In the above work, all features obtained by homology mapping were utilized to train the classifiers, but not every feature has high predictive power for identification of essential genes. Therefore, ranking the features in order and filtering out the useless features played an important role in prediction [29]. We used the method of feature selection to choose appropriate feature subsets to reappraise the performance of classifiers. Based on F-score algorithm [28], we got a vector composed of 24 feature scores in descending order for an organism under test. Another feature selection method named DX score [31] was also applied to measure feature score, and the same order of features were acquired. It indicated that the features' order we obtained was reliable. Feature subsets were constructed through appending a feature one by one in accordance with the descending order, and each feature subset was utilized to train and test the model. Finally, the optimal feature subset and its predictions would be chosen on the basis of AUC score. After selecting optimal feature subsets, most of predictions have corresponding improvement. The AUC scores of 8 species were improved by more than 1%, and the average AUC score was improved around 1% among 25 species comparison with the results of using all features. In addition, contribution score of each feature was obtained by F-score. For each organism under test, we analyzed the correlation between feature scores and evolutionary distances through Pearson correlation analysis (Table 2). We discovered that 22 species among all presented negative correlations, in which 15 results presented significant negative correlations. That is to say the importance of features evaluated by machine learning method is consistent with the evolutionary distance between them in general.

Table 2

Correlations between evolutionary distances and feature scores for each target organism.

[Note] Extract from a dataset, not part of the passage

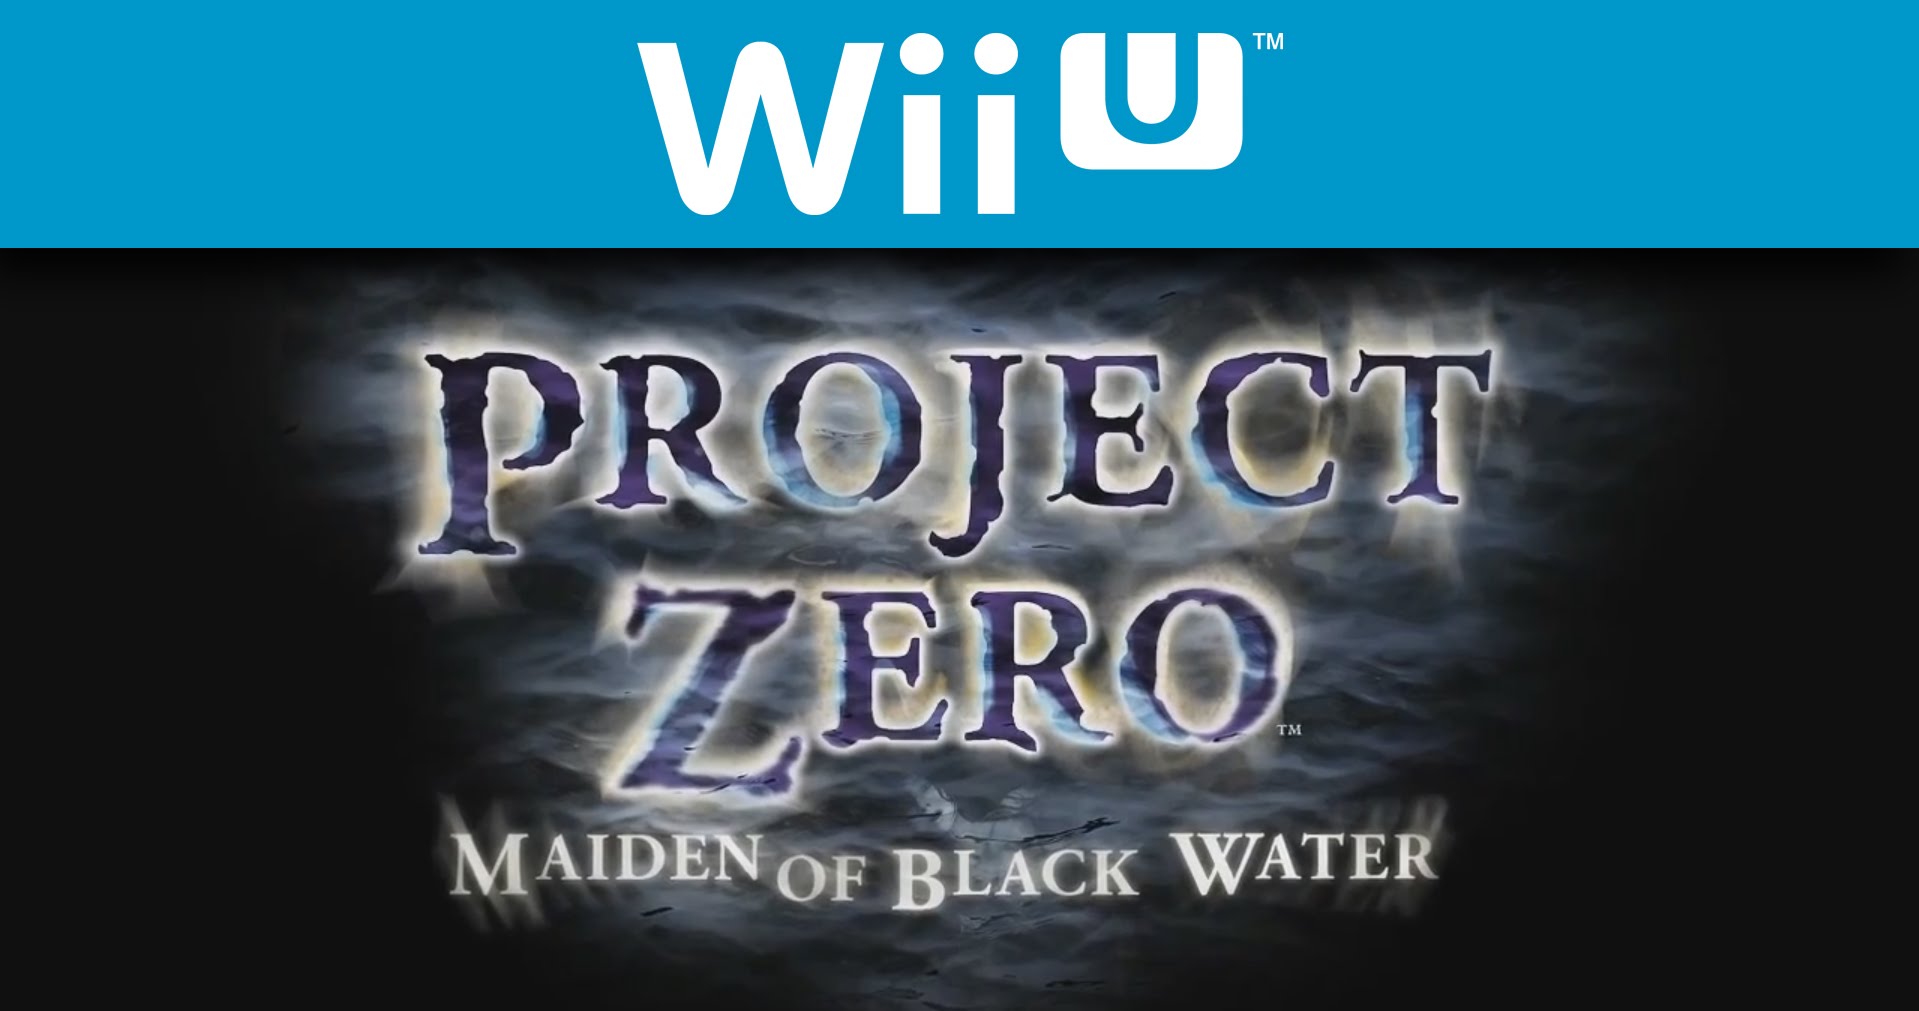 free download project zero maiden of black
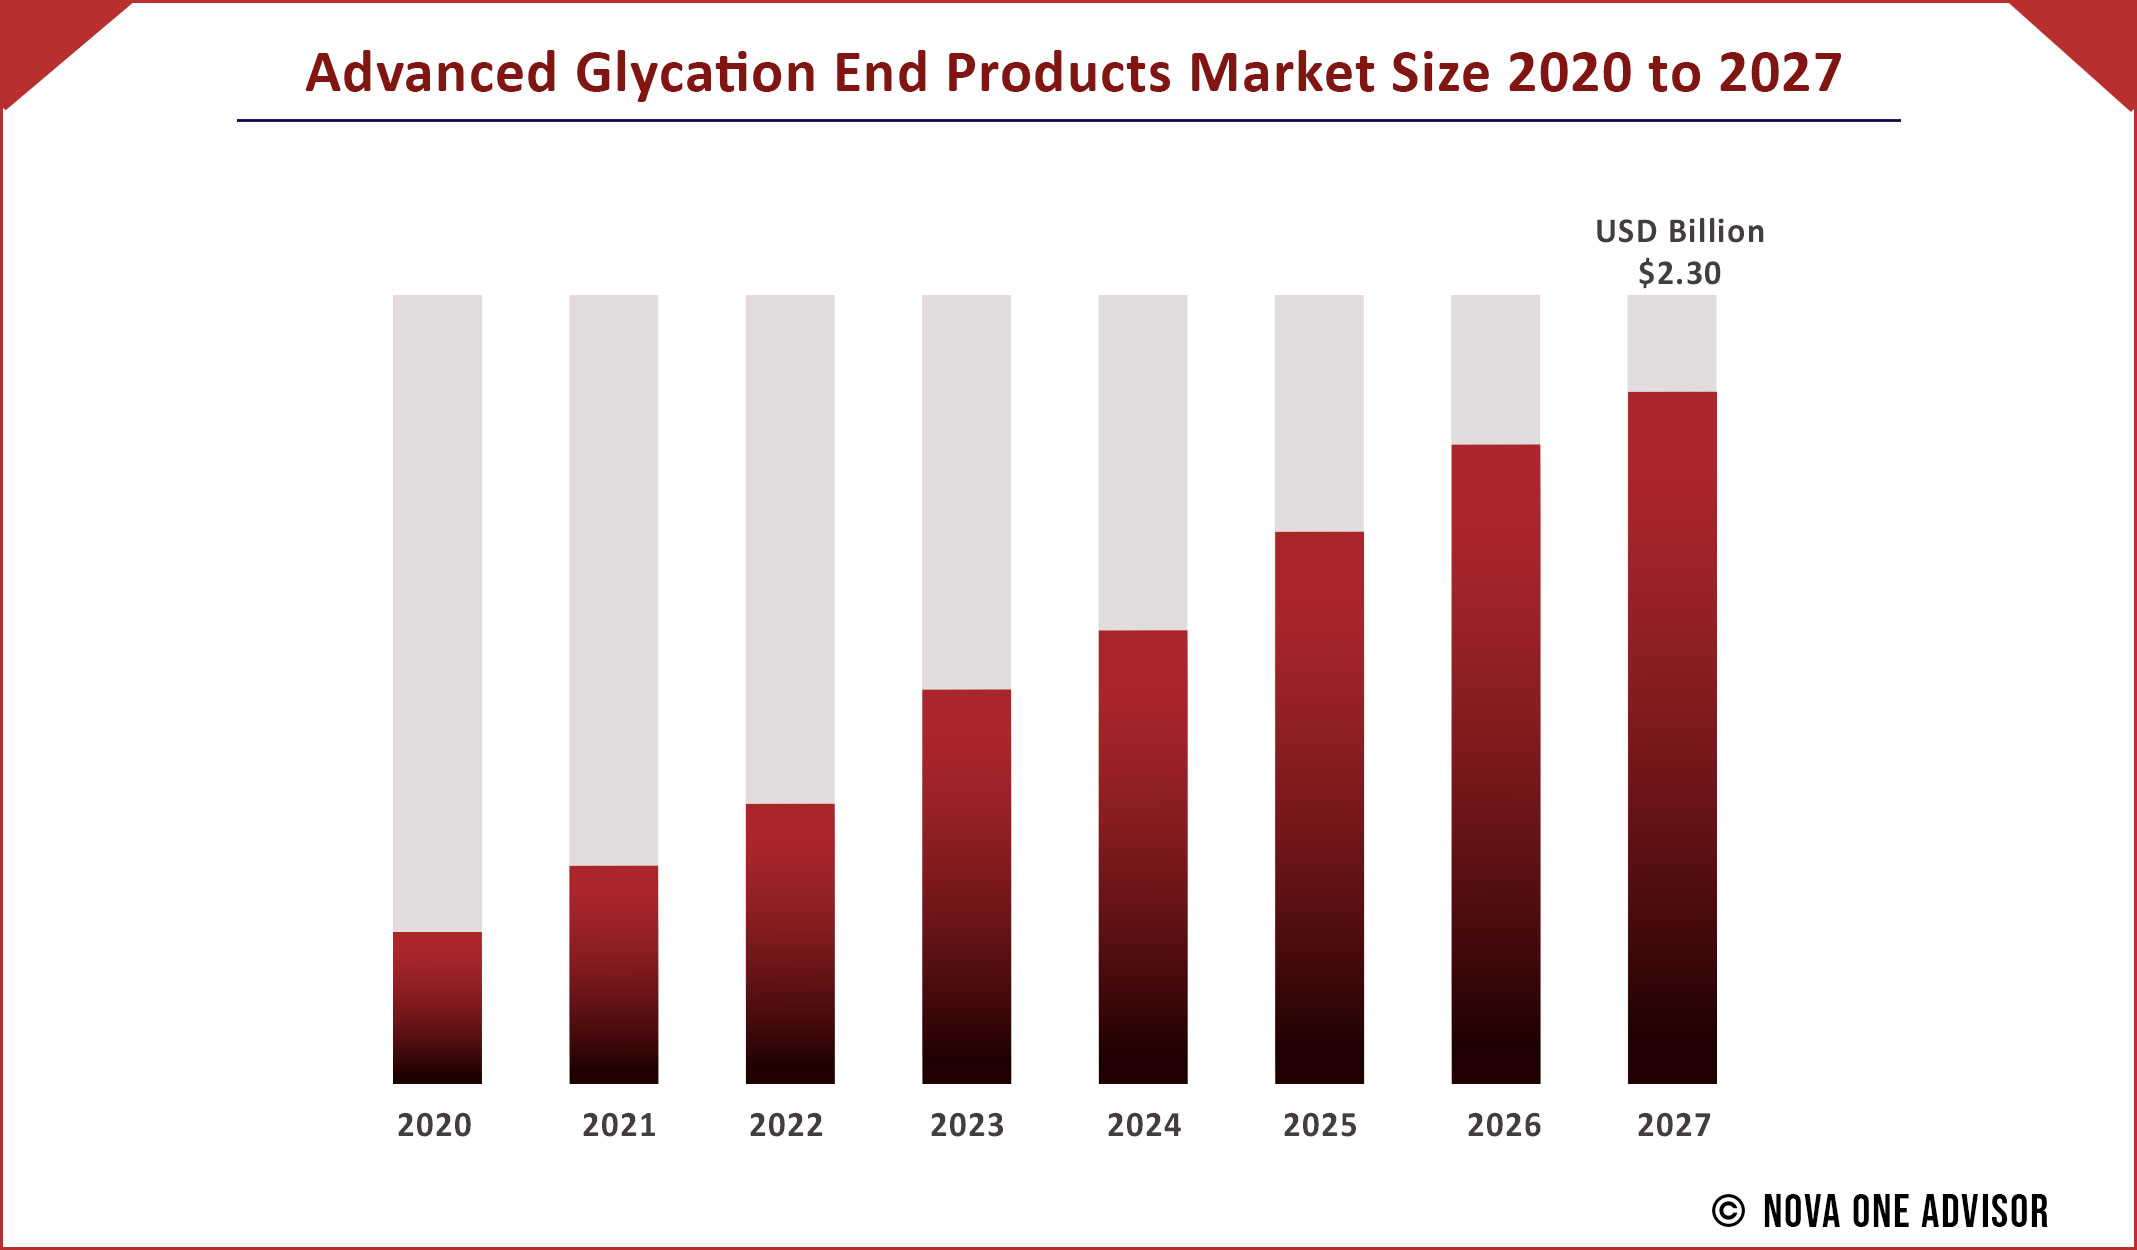 Advanced Glycation End Products Market Size 2020 to 2027

Organisms	Correlations	P value
ACA ^∗	−0.45204	0.0266
BAS ^∗∗	−0.37043	0.0075
BAT ^∗	−0.50001	0.0128
BUT ^∗	−0.41124	0.0459
CAC ^∗	−0.41482	0.0439
CAJ	−0.23786	0.2631
ESC ^∗	−0.50218	0.0120
ESC_PEC ^∗∗	−0.52353	0.0087
FRN	−0.39292	0.0575
MYT	−0.35883	0.0851
MYG ^∗	−0.49728	0.0134
MYP ^∗∗	−0.54766	0.0056
POG ^∗	−0.46123	0.0233
PSA ^∗∗	−0.60836	0.0016
SA14028S ^∗∗	−0.60533	0.0017
SAL	−0.28669	0.1744
SAS	−0.24910	0.2405
SAT	−0.31248	0.1371
SHO ^∗	−0.50456	0.0119
SPW ^∗∗	−0.65577	0.0005
STN315	−0.11162	0.6036
STNCTC	0.03883	0.8570
STR	0.11619	0.5887
STS	0.24868	0.2413
STT	0.19591	0.3589
VIC ^∗	−0.50718	0.0114

∗ represents that the correlation is significant at the 0.05 level; ∗∗ represents that the correlation is significant at the 0.01 level.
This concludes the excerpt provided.